Boeckner and Daniel brought Brown in on drums (and later keyboardist Alex Fischel) and began working full-time on an album, during what was a bit of a hiatus for Spoon, and a planned one for Handsome Furs.

"This band started before I had any idea Handsome Furs was going to shut down," Boeckner says. "After we finished touring Sound Kapital, I figured there'd be at least a year before we sat down and started writing new material."

So, unexpectedly, Divine Fits became Boeckner's sole focus for the time being. And with A Thing Called Divine Fits gathering plenty of attention even before its Aug. 28 release (and a steady couple of months of touring), there's little room for anything else now.

"The recording was all over the place, so we spent months working on just how we'd play the songs live. (Alex) brings keyboard-wizard powers to the arrangements, and we figure it out from there," he says.

"For me, I don't really do recording projects. I get them, and I enjoy listening to them occasionally, but if I'm writing something, I end up putting so much of myself into the songwriting process—and it's so labor-intensive for me—I don't feel like just recording it and releasing it. That's just dry-humping. That's not sealing the deal.

"You have to actually get out in front of people and play these songs to living, breathing humans. I like making records, but the best thing is definitely playing the live show. You can't buy it. You can buy a ticket, but it's this fleeting, transient moment in time, and if you weren't there, you weren't there. It's not downloadable; it's not something you can scan through on a computer; you can't skip through it. You go to the show, and you go to the show. That's a real-life experience, and it's irreplaceable."

Boeckner says starting a new band after seeing a good deal of success in other projects has its advantages—as well as its disadvantages.

"The advantages are that you kind of know how to be on tour and not go crazy. From what hotels to avoid to what the best coffee shop near the venue is, you should know all that stuff. That's easy; it's a no-brainer. You have existing projects, so hopefully, you have a built-in audience. People are going to want to check you out based on previous bands.
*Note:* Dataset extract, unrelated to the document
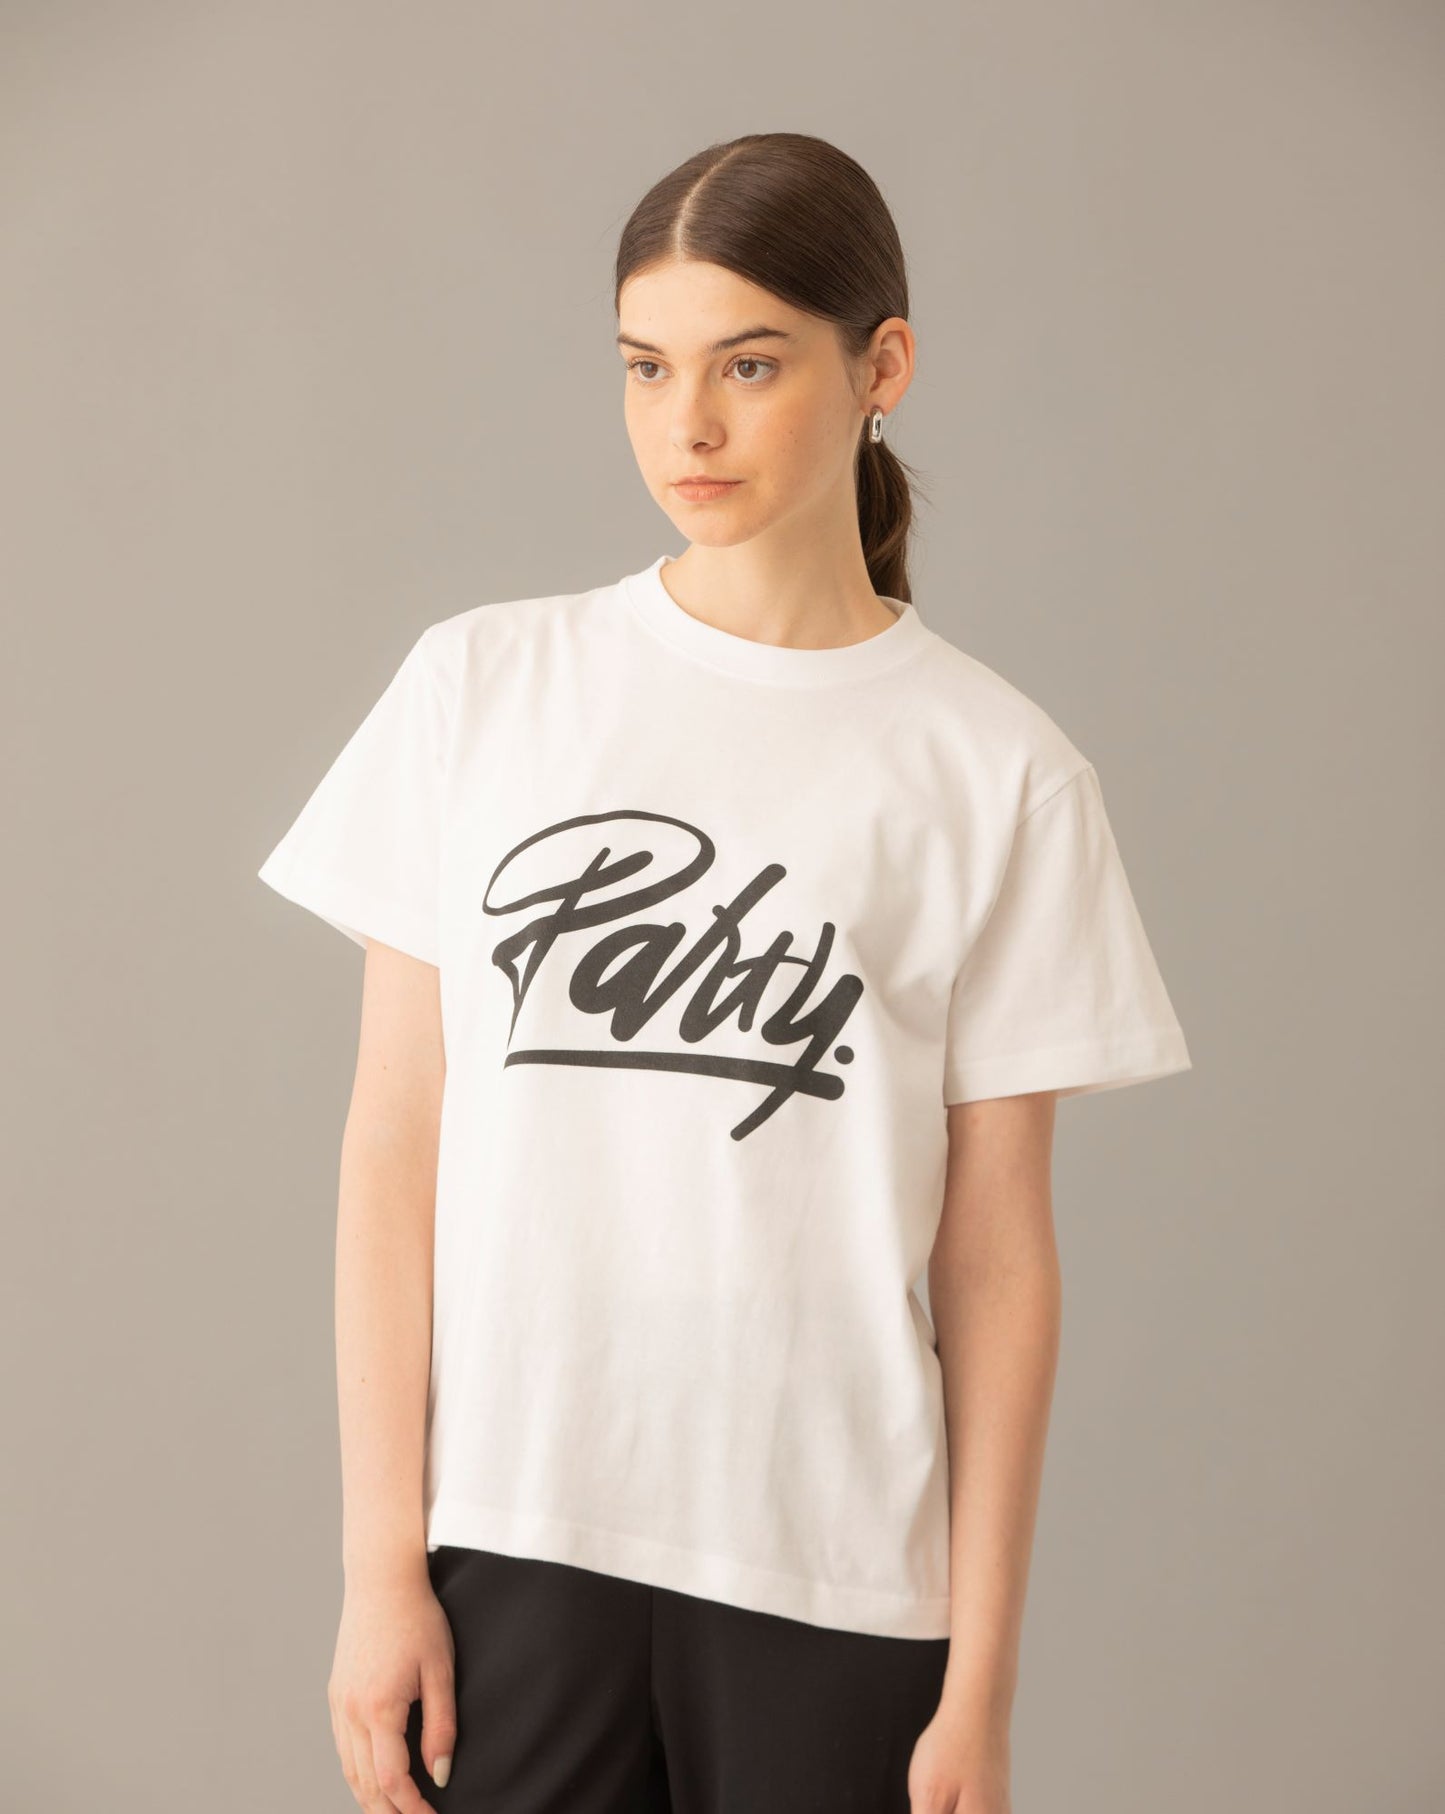 STANDARD BOX TEE  （Party)

"The disadvantage is that no matter what band you've been in before, a new band is a new band, and you have to do the same shit every other band does. We have to lug our gear; we have to play smaller venues than we're used to playing. But it's exciting; you have to work for it. It's not like being in an existing band that's cruising on its fourth album. I like that."

Even since the debut album that came from that burst of fresh inspiration, Boeckner has been writing material for a Divine Fits follow-up.

"Divine Fits is going to make another record. Spoon is going to make another record. I want to start anther band as well. But I don't really see myself putting out a Dan Boeckner record. I like having a band. When I picture solo records, I picture some douchebag on a stool with an acoustic guitar and a harmonica. That sounds awful to me. Maybe when I'm 60, but right now, I want a band."